Le dossier frontalier entre le Gabon et la Guinée équatoriale connaît une nouvelle évolution. La ministre gabonaise des Affaires étrangères, Marie-Édith Tassyla-Ye-Doumbeneny, a reçu, le 24 août au Palais de la Constitution, l’accord d’engagement conjoint conclu entre les deux pays à Addis-Abeba. Transmis par le président de la Cour constitutionnelle, Dieudonné Aba’a Owono, ce document encadre la mise en œuvre de l’arrêt rendu en mai 2025 par la Cour internationale de justice (CIJ) dans le différend relatif notamment aux îles Mbanié, Conga et Cocotiers.
La remise officielle du document marque une nouvelle étape dans le processus engagé entre Libreville et Malabo. L’accord d’engagement conjoint a été signé le 27 juillet 2026 à Addis-Abeba, en marge de la 49e session ordinaire du Conseil exécutif de l’Union africaine.
Il intervient dans le prolongement de la décision rendue le 19 mai 2025 par la Cour internationale de justice, saisie du différend opposant les deux États sur la délimitation de leur frontière terrestre et maritime ainsi que sur la souveraineté des îles Mbanié, Conga et Cocotiers.
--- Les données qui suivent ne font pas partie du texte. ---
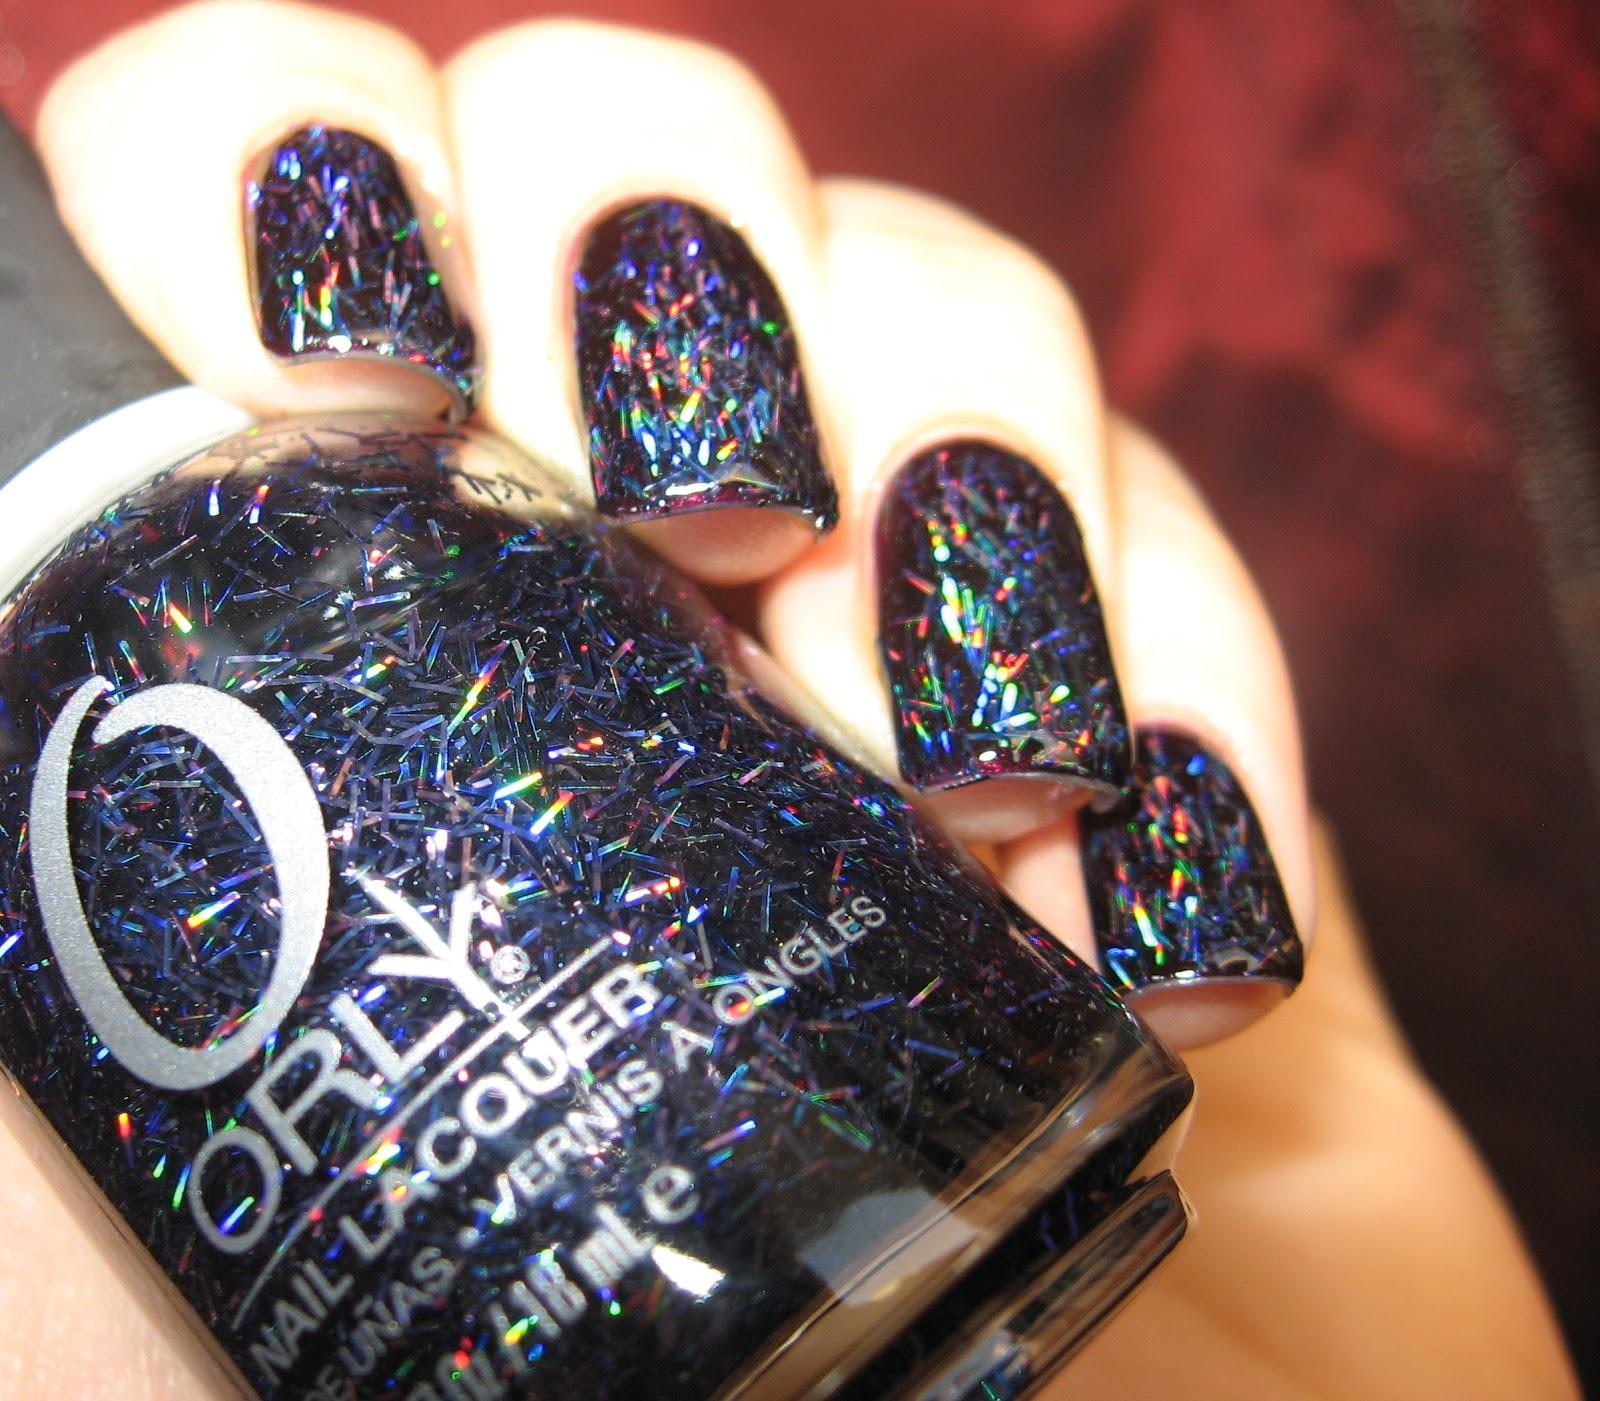 Orly Sunglasses At Night Navy Dark Blue Holo Holographic Glitter Nail Polish Ebay

L’objectif du nouvel accord est de permettre aux deux parties de travailler progressivement à l’application de la décision judiciaire, en définissant un cadre de concertation sur les modalités pratiques de sa mise en œuvre.
Libreville veut lever toute ambiguïté
Alors que la question des frontières demeure particulièrement sensible, les autorités gabonaises tiennent à clarifier la portée du document signé avec la Guinée équatoriale.
Pour Marie-Édith Tassyla-Ye-Doumbeneny, cet accord ne constitue ni un acte de cession territoriale ni une modification de la décision rendue par la CIJ. La cheffe de la diplomatie gabonaise insiste ainsi sur le fait que le texte vise avant tout à organiser la coopération entre les deux États autour de l’exécution de l’arrêt.
Cette précision intervient dans un contexte où toute évolution du dossier frontalier peut susciter des interrogations au sein de l’opinion publique. Libreville entend donc dissocier clairement le mécanisme de mise en œuvre de l’arrêt de toute éventuelle remise en cause de ses intérêts territoriaux.
L’Union africaine au cœur du processus
La démarche engagée par les deux pays s’inscrit également dans une logique de règlement pacifique des différends promue par l’Union africaine. Le choix d’Addis-Abeba pour la signature de l’accord souligne d’ailleurs l’importance accordée à l’accompagnement continental du processus.
Le cadre retenu doit favoriser le dialogue et permettre aux deux États de traiter les questions techniques liées à l’application de la décision de la CIJ sans remettre en cause les principes du droit international.
Pour le Gabon, cette approche traduit une volonté de privilégier la concertation et d’éviter que le différend frontalier ne devienne une source durable de tensions avec son voisin.
Un processus qui se veut progressif et concerté
La mise en œuvre de l’arrêt de la CIJ devrait donc s’inscrire dans la durée. L’accord d’engagement conjoint fournit une méthode de travail destinée à permettre aux représentants gabonais et équato-guinéens de se concerter sur les différentes étapes du processus.
Cette démarche suppose un dialogue régulier entre les deux parties, notamment sur les aspects techniques et pratiques liés à l’application de la décision judiciaire. Elle doit également permettre de préserver les relations de bon voisinage entre les deux pays.
En recevant officiellement le document, la ministre des Affaires étrangères réaffirme ainsi la position de Libreville : respecter la décision de la justice internationale tout en défendant ses intérêts et en privilégiant le dialogue.
Le Gabon mise sur le règlement pacifique
Au-delà de la dimension strictement juridique, le dossier revêt une portée diplomatique et régionale. Le Gabon et la Guinée équatoriale partagent une frontière et entretiennent des relations qui nécessitent une gestion maîtrisée des questions sensibles.
En s’inscrivant dans le cadre fixé par la CIJ et accompagné par l’Union africaine, Libreville entend faire du dialogue le principal outil de résolution du différend.
La remise de l’accord à la ministre des Affaires étrangères constitue ainsi une étape supplémentaire vers l’application concertée de l’arrêt de la CIJ. Pour les autorités gabonaises, le cap reste inchangé : préserver l’intégrité des intérêts nationaux, respecter le droit international et consolider les relations de bon voisinage avec la Guinée équatoriale.